*** Begin section ***

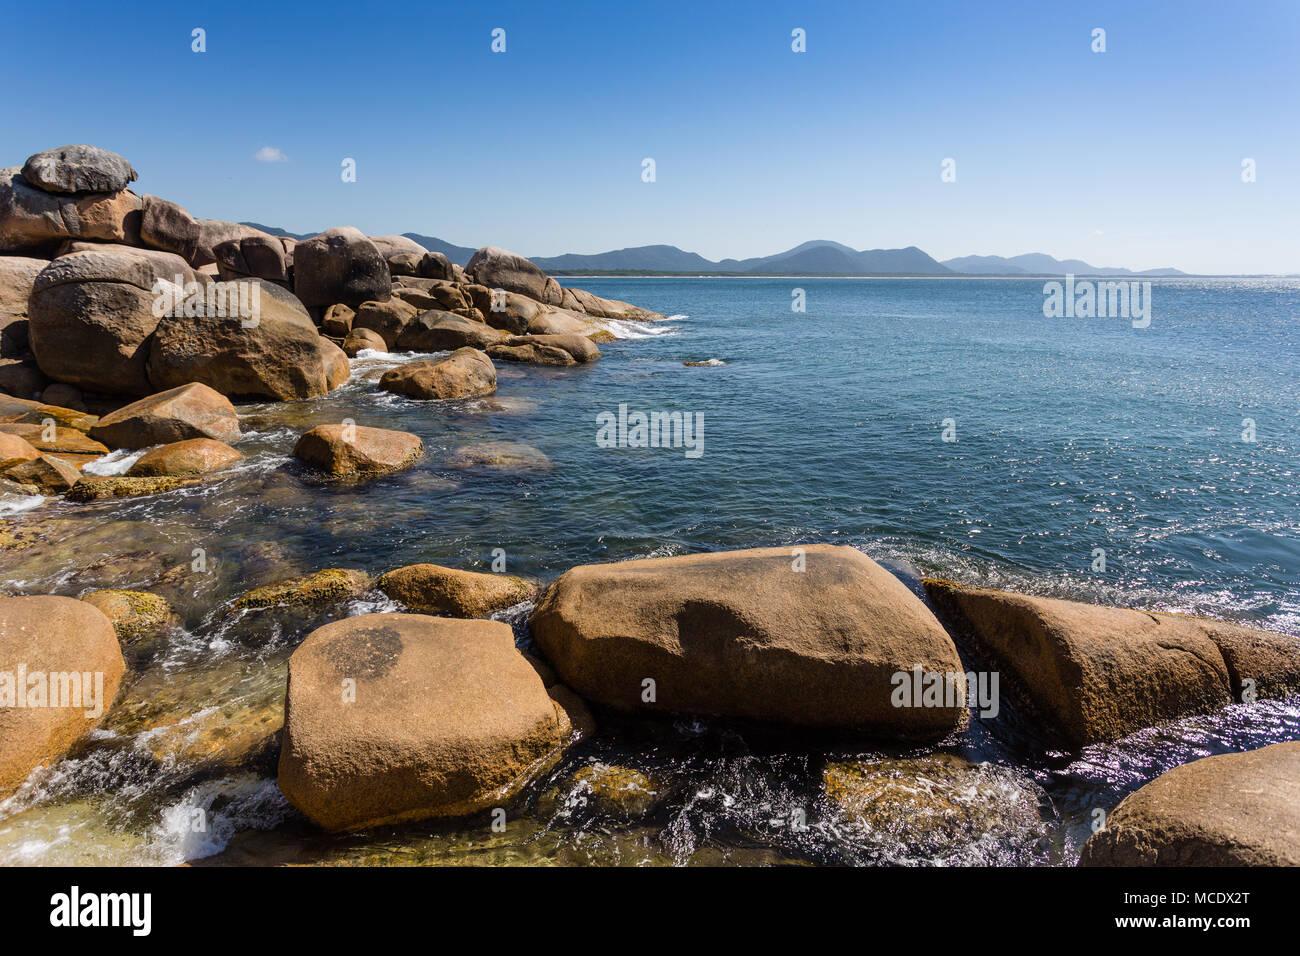 Florianopolis is beautiful - Stock Image
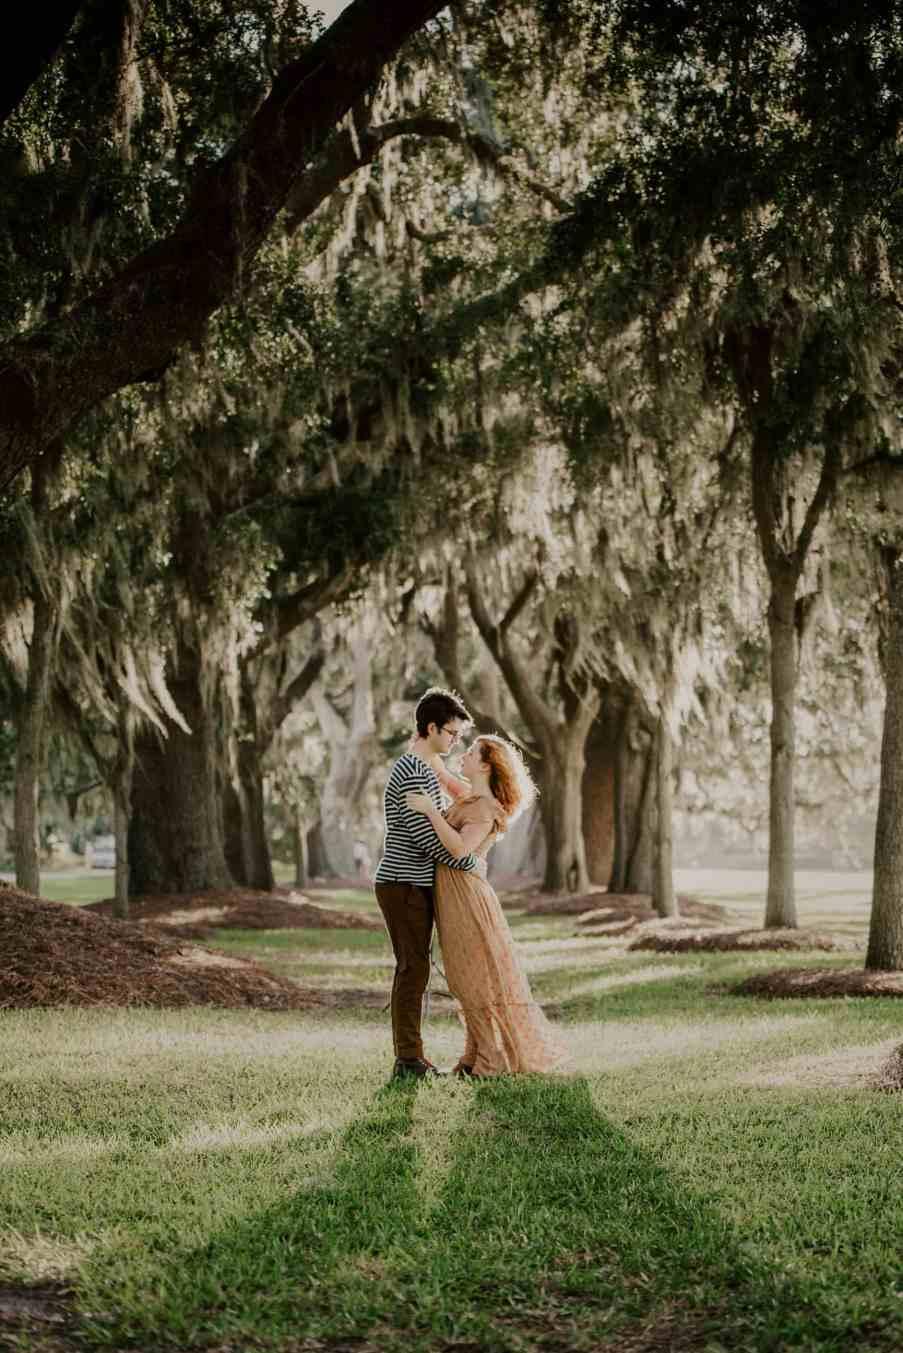 Back-lit photo under the mossy oaks
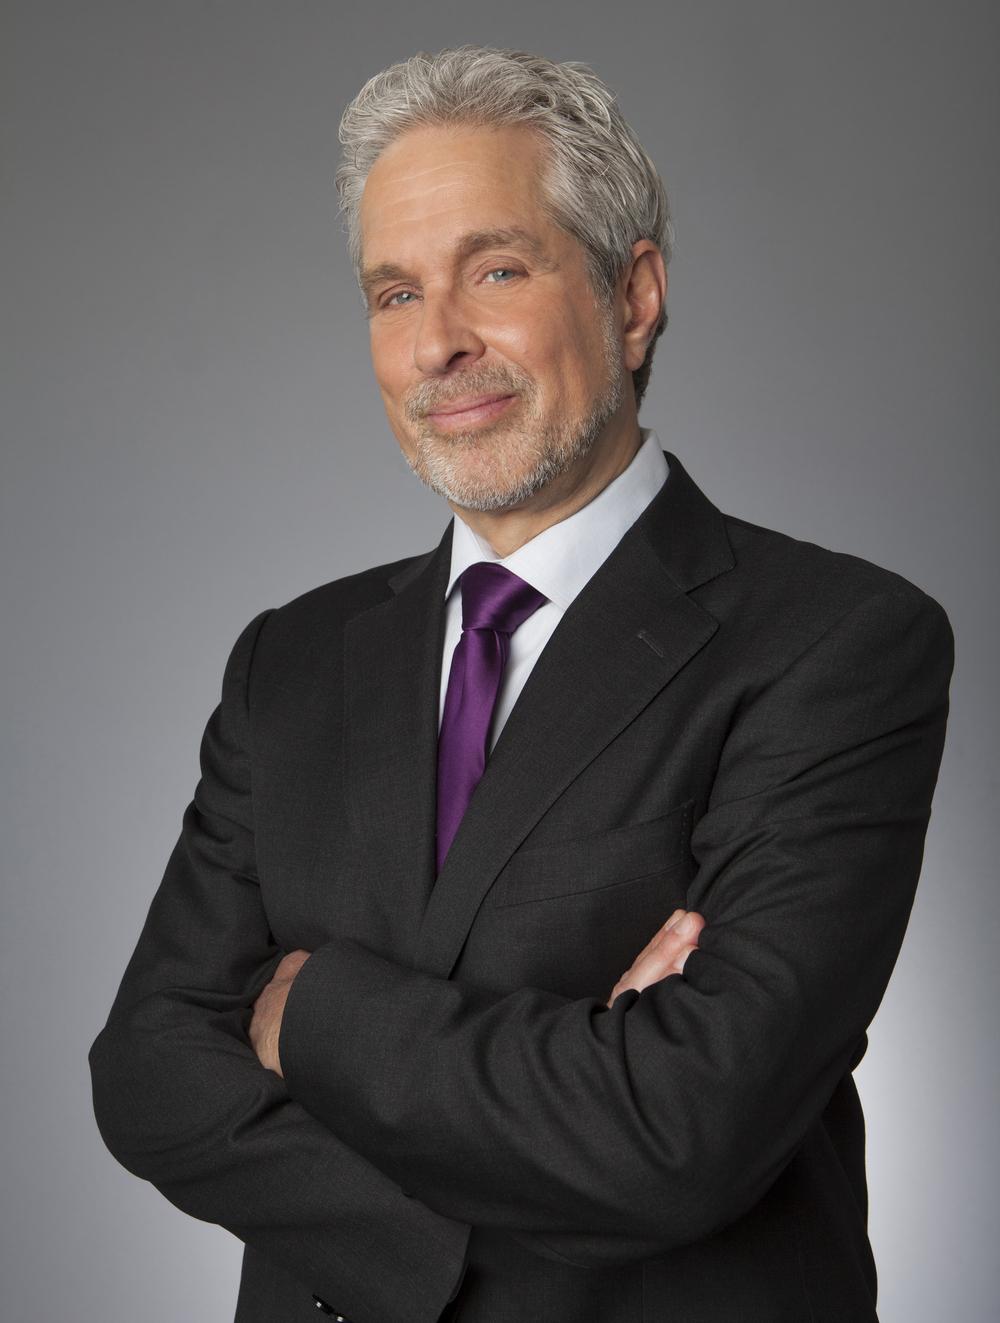 Managing Partner, Marc I. Gross
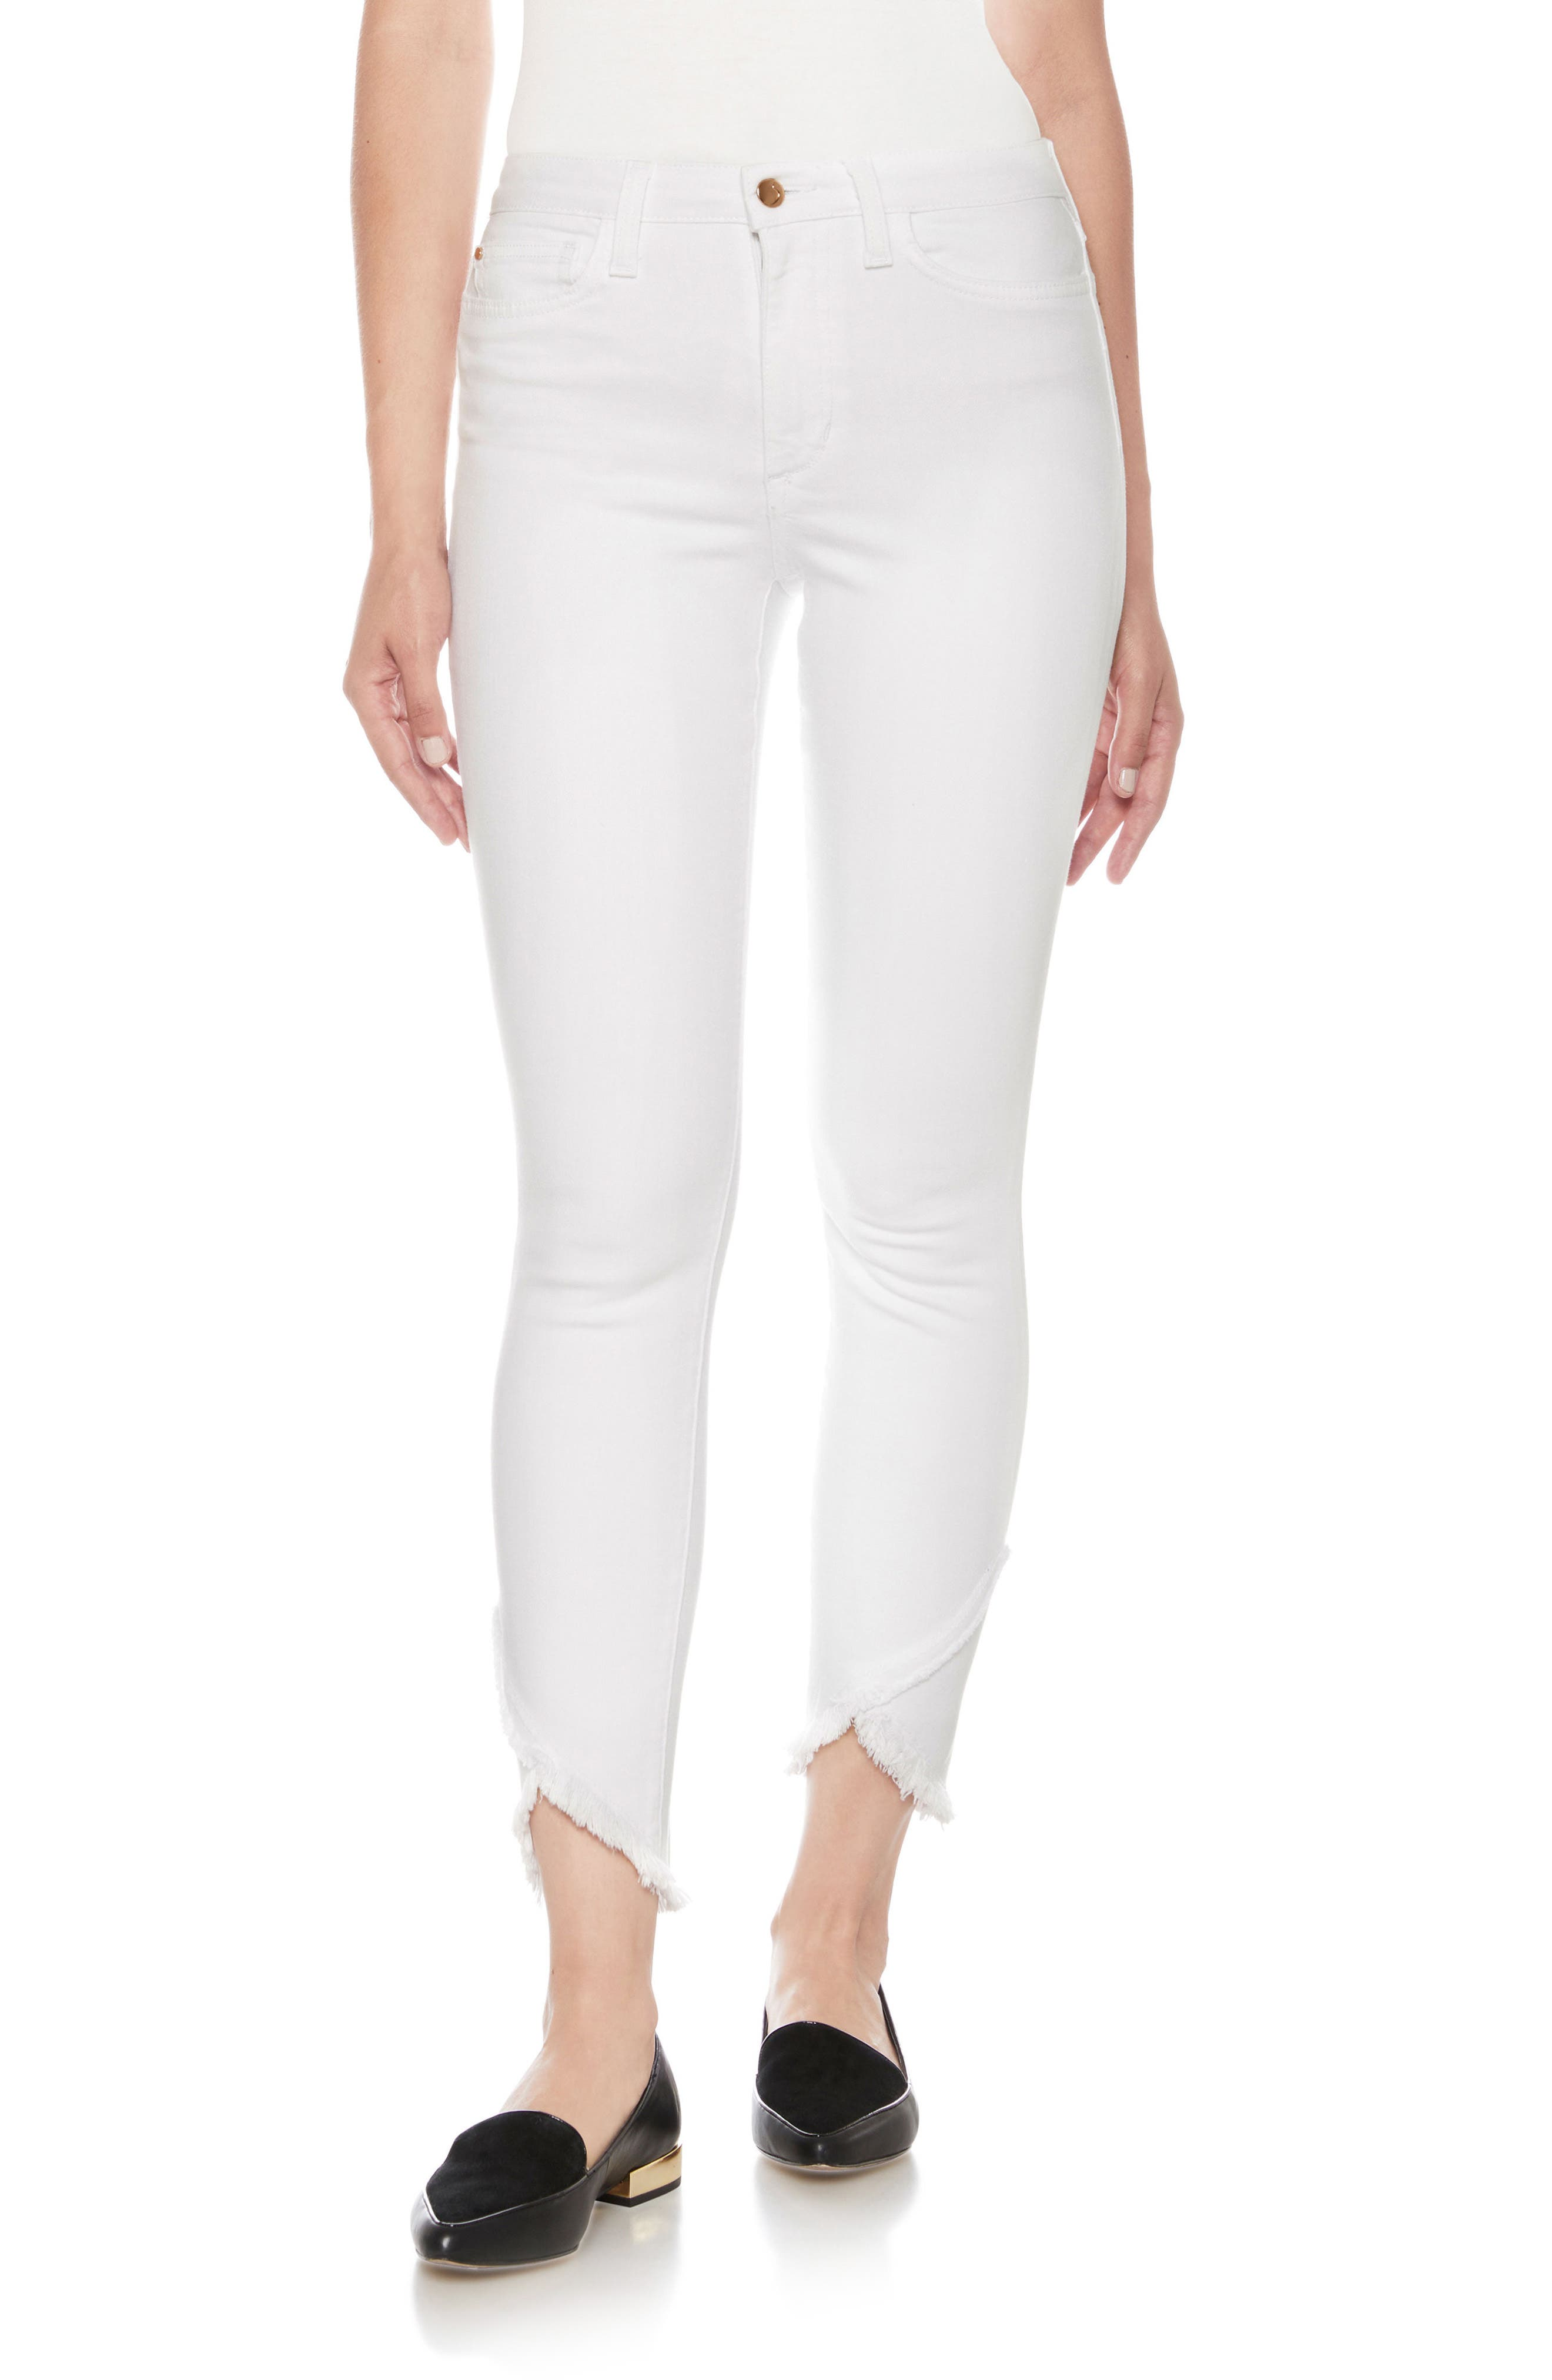 Main Image - Joe's Flawless - Charlie High Waist Tulip Hem Ankle Skinny Jeans (Hennie)

*** End section ***

> [Task prompt]: The pictures should be dropped, and every line above should be set down again exactly.

> [Answer]:
 Florianopolis is beautiful - Stock Image
 Back-lit photo under the mossy oaks
 Managing Partner, Marc I. Gross
 Main Image - Joe's Flawless - Charlie High Waist Tulip Hem Ankle Skinny Jeans (Hennie)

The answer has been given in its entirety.